166. Nonstop Before Lindberg

Nonstop over water is a big deal. In the early days of aviation, planes failed frequently, and forced landings were standard procedure. Landing in a cow pasture was problematical. Landing in the ocean would likely be fatal.

In 1909, Louis Bleriot flew nonstop (there wasn’t any other way to do it but nonstop) across the English Channel. He would certainly have set off a round of longer and longer first flights, but WW I got in the way.

After WW I, there was a surplus of newer, more sophisticated aircraft. Two British flyers, John Alcock and Arthur Whitten-Brown, along with several other competing teams, set out to cross the Atlantic nonstop, beginning their flights in Newfoundland. Hawker and Grieve took off first, crashed a thousand miles into the flight, and were picked up by a passing steamer. Raynham and Morgan tried an hour later, but crashed during takeoff.

Alcock and Brown left Newfoundland on June 14, 97 years ago today. Alcock, the pilot, had waited as long as he dared for better weather, but finally decided to chance the near gale force winds. The two aviators, in a single open cockpit, took off at 4:10 PM, barely clearing the trees at the end of the runway. They headed east toward Ireland, with the wind behind them to hurry them along.
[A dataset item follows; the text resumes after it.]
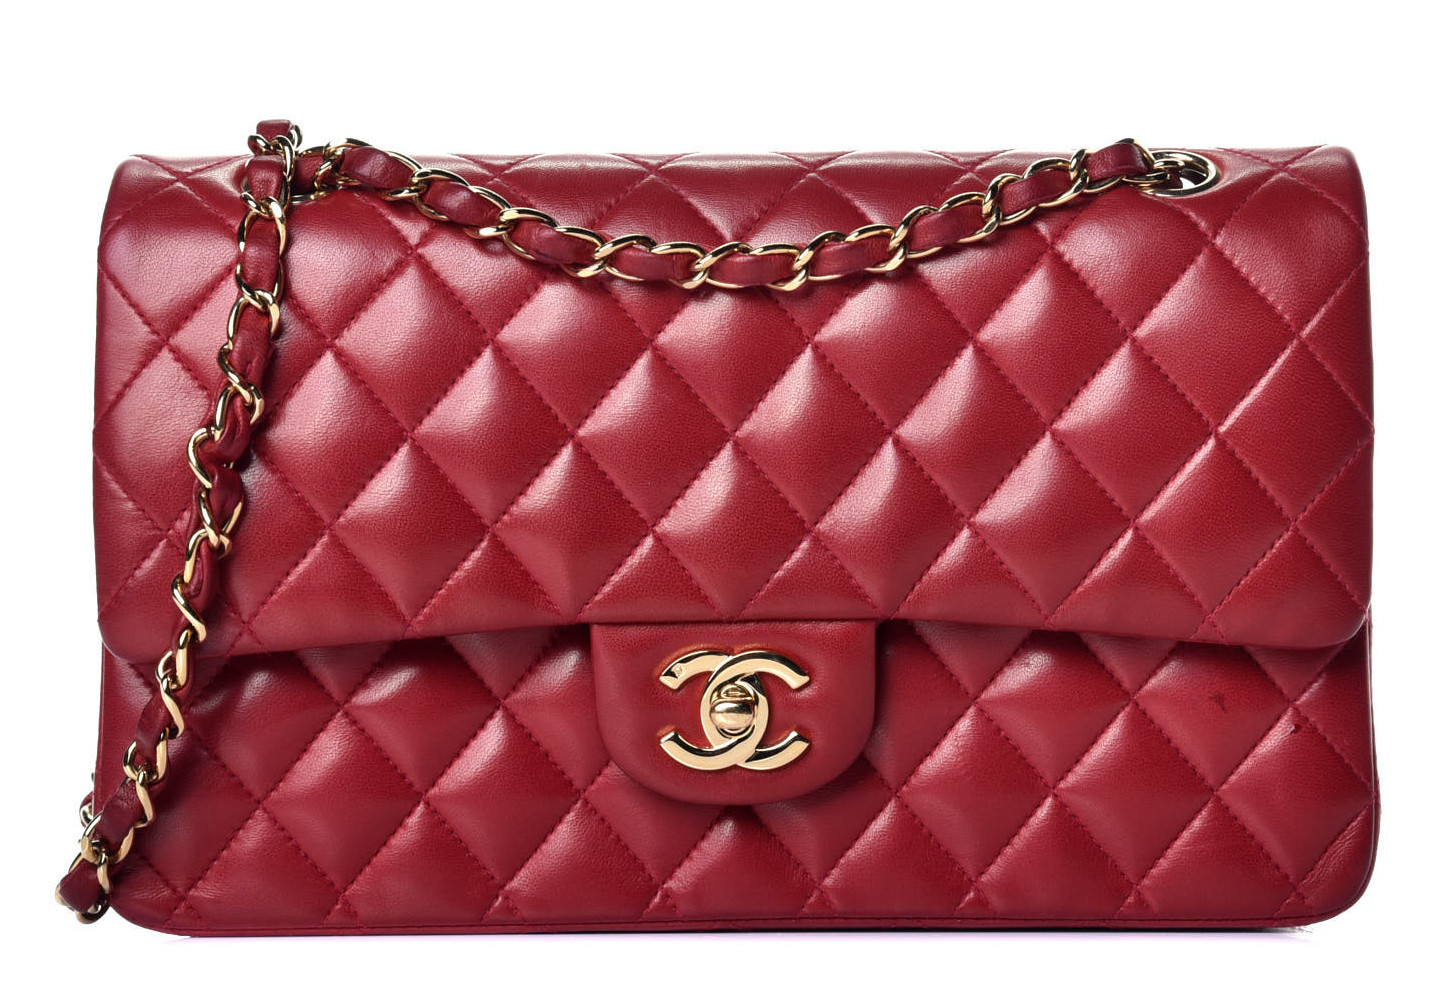 Chanel Lambskin Medium Red Classic Flap

Shortly after takeoff, Brown discovered that their wireless was not working. He crawled out of the cockpit onto the wing to get a look at the small propeller mounted under the fuselage which powered the radio. Three of four of the blades had sheered off. They would remain out of communication until their flight either succeeded or failed.

At 7 PM, the exhaust pipe on the starboard motor overheated, split, and burned away. This left the motor running erratically, but there was no way to fix it.

They were flying at 3000 feet; Brown was navigating by sextant. When they entered a fog bank. Alcock had to rise to 12,000 feet so they could see the stars again. About sunrise, they entered an even higher bank of fog. They could not tell left from right or up from down, but the instruments showed the plane listing and then entering a spin. They dropped down, blind, almost to the ocean itself. Fifty feet above the water they cleared the fog and clouds with wings vertical. Alcock pulled up just above the water.

For hours they flew in alternating clouds and clear air, until the storm turned the sky black in front of them. Then they entered snow, sleet, and freezing rain. Alcock tried unsuccessful to fly above the storm, but the only result was that a critical gauge, fixed to a strut outside the cockpit, iced over. Again Brown had to leave the cockpit to chip away the ice, but this time he had to remain, clinging to the cross wires, to repeat the process every time the gauge re-iced.

Eventually they had to drop down through the storm again to see the ocean below so they did not overfly their destination. At 8:15 AM, June 15th, they sighted the Irish coast.

Alcock and Brown were knighted for their efforts, and lionized in Britain.

In America, not so much. Eight years later, Lindbergh flew nonstop from New York to Paris, following the same route overwater as Alcock and Brown, and became famous throughout the world as the “first man to fly the Atlantic”.

***

These posts are necessarily short, so details get missed along the way. Like Bleriot before them, Alcock and Brown, and their competitors, were in pursuit of a monetary prize. This time it was for the first single plane to cross from North America to Britain in under 72 hours. The “single plane” rule was to avoid someone flying from Newfoundland to Iceland, jumping into a second, newly fueled and serviced plane, and completing the trip. Stops along the way were allowed, as long as the same plane was used.

A decade later, Lindbergh was also in a race with a bunch of other flyers to win a monetary prize for the first non-stop flight from New York to Paris. There was nothing in the prize about a solo flight. The other competitors were in larger planes, with crews. Lindbergh flew solo to save the weight of a second person, so he could carry more fuel.

Does this sound familiar? The X-prize, recently won by Burt Rutan’s Space Ship One, was modeled after these early aviation prizes. Even the moon landing was the result of competition, not for money, but for prestige and the military high ground.

If you want more information on early aviation feats, check out Famous First Flights That Changed History, by Lowell Thomas, junior and senior.